Крестьянин глотнул воздух.
– Хм, такое дело… Иногда и нет!
– Нет, нет! – живо качал головой Петер Майцен, будто эта горькая истина чрезвычайно его обрадовала.
Крестьянин опять глотнул воздух.
– Что делать! – покорно вздохнул он. – Так уж повелось.
– Хм, такое дело! – невольно и неожиданно для себя сказал Петер Майцен и оглянулся. Сильной рукой он подхватил свой чемодан, легко кинул его на постель и раскрыл. В чемодане лежали книги, бумага и папки с неоконченными рукописями и черновиками.
– А о войне, – снова заговорил хозяин, – о войне вы тоже пишете?
– О войне тоже.
– Хм, конечно… Ведь о войне много чего еще можно написать.
– Много чего! Много чего! – закивал Петер Майцен. – И не только об атаках, боях, победах и о трубе, что после победы гремит свое «тра-ра-ра»! – Он положил пачку бумаги на край стола, приставил ладони к губам, поднялся на цыпочки и протрубил на три стороны света: – Тра-ра!.. Тра-ра-рааа!.. Тра-ра-раааа!
Хозяин вздрогнул и испуганно выпучил глаза.
– Ну как? A-а, вы удивляетесь, что я затрубил! – весело засмеялся Петер Майцен. – Ох, да вы разве не слышали, что художники – те же дети!
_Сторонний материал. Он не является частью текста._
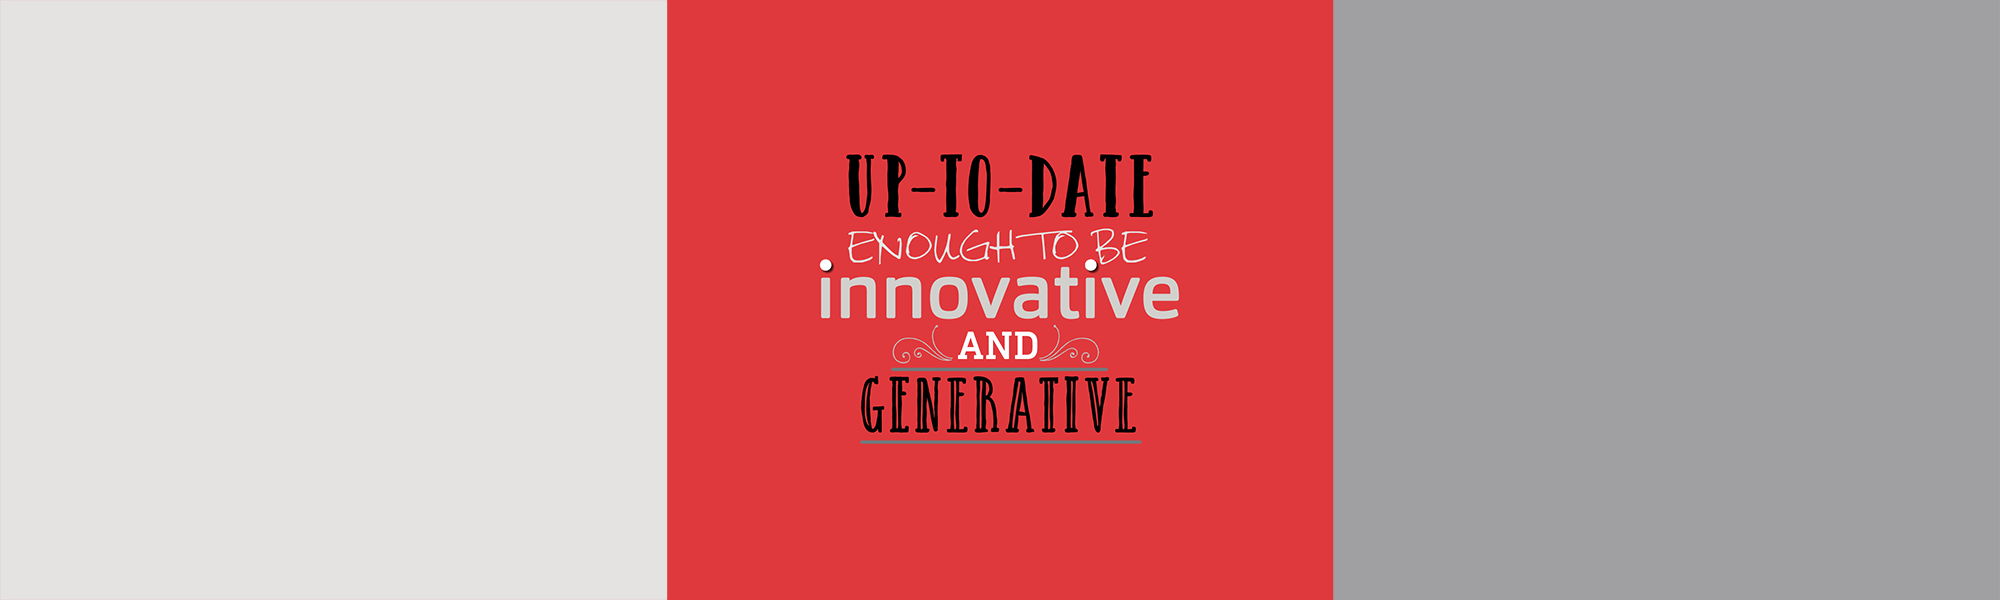 Up-to-date enough to be innovative and generative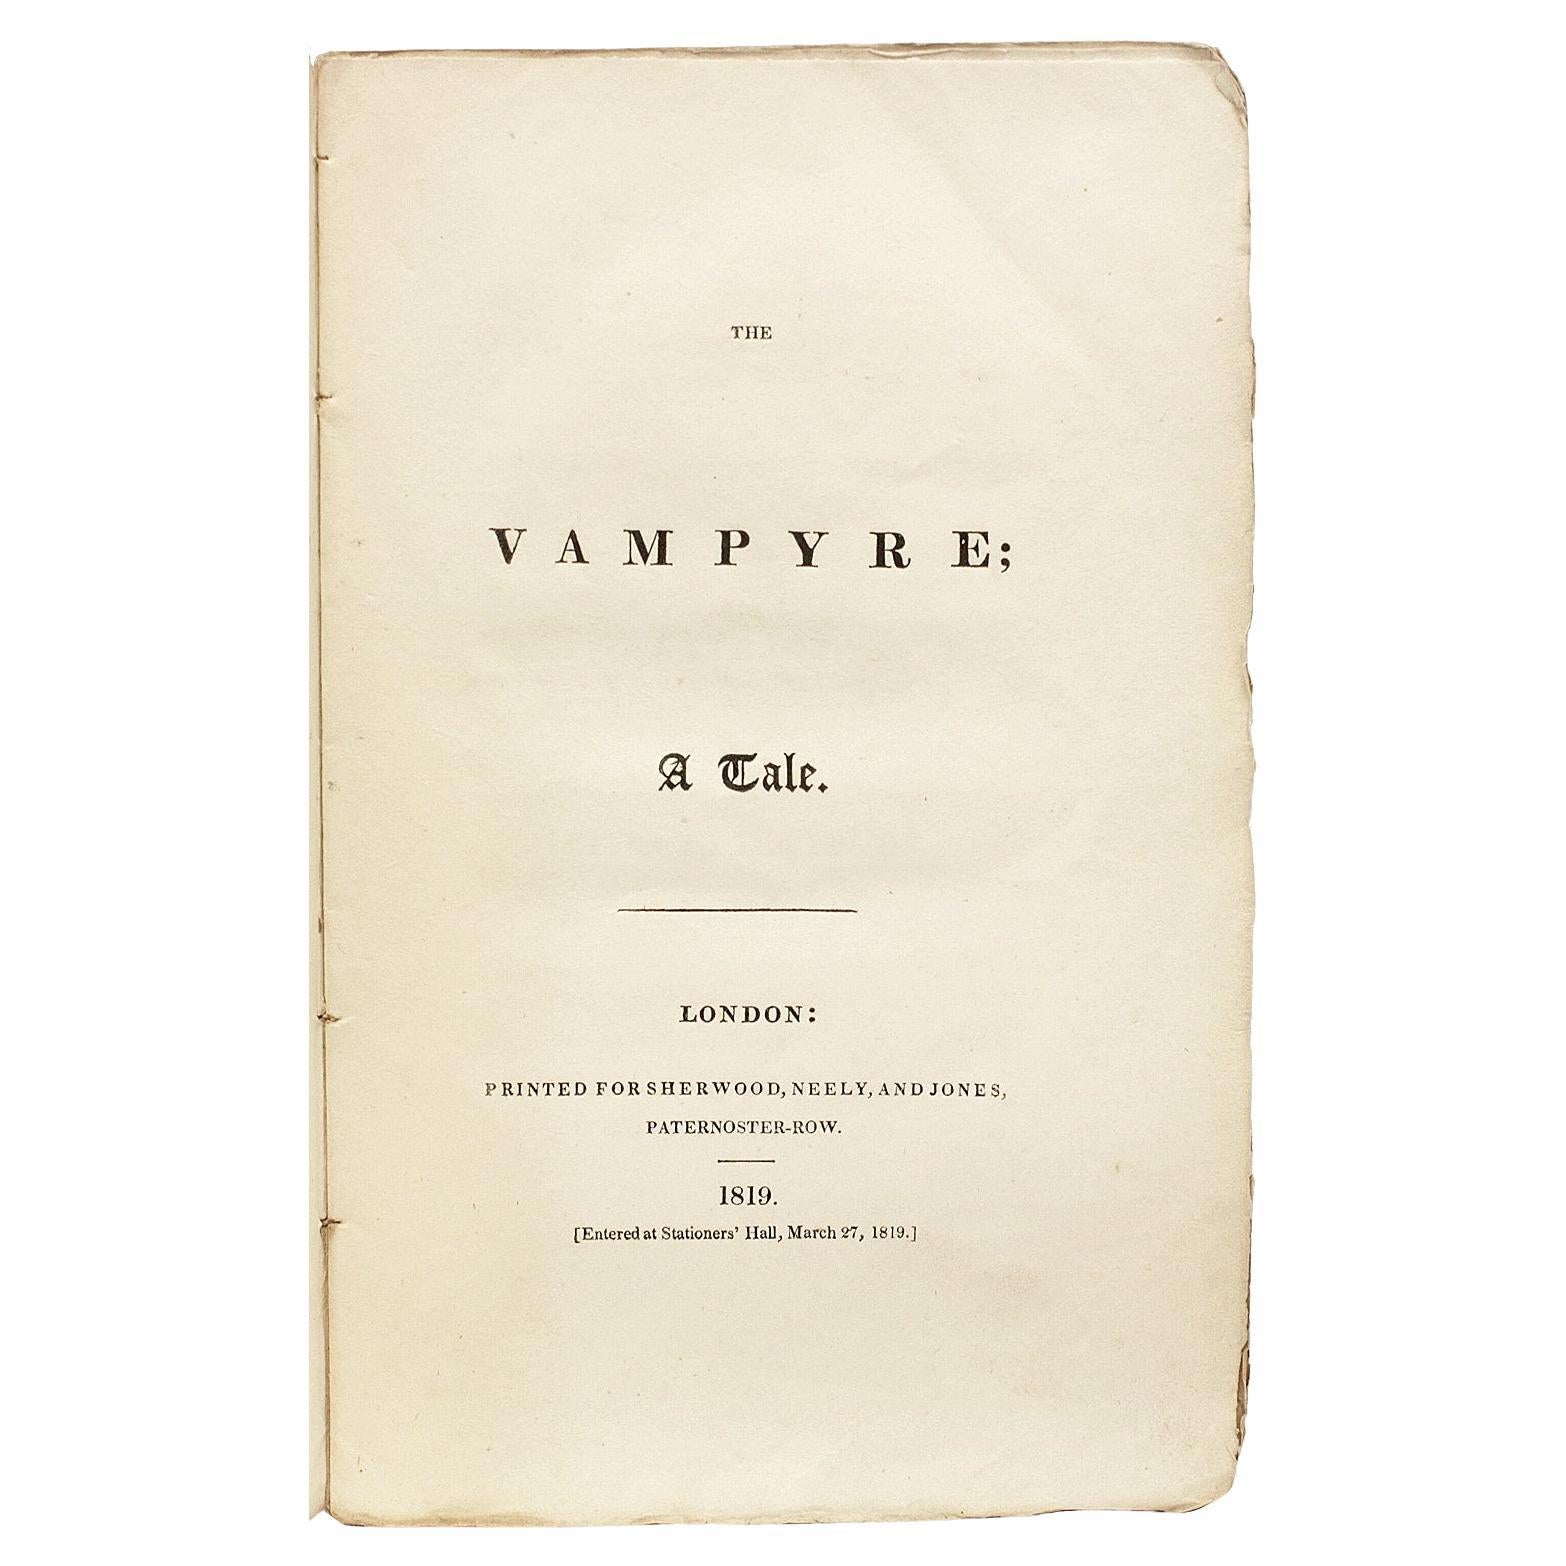 POLIDORI - The Vampyre - 1819 - FIRST EDITION - THE EARLIEST OBTAINABLE ISSUE For Sale

Озорные и шаловливые невинные дети! Совершенно несерьезные люди! Разве серьезные люди станут мять глину, смешивать краски, писать стихи и разные истории? Еще чего! Это ведь детская забава. Потому серьезные люди художников всерьез и не принимают. И умные женщины их тоже считают дуралеями.
Крестьянин откашлялся и громко проглотил слюну.
– Хм, такое дело… Женщины…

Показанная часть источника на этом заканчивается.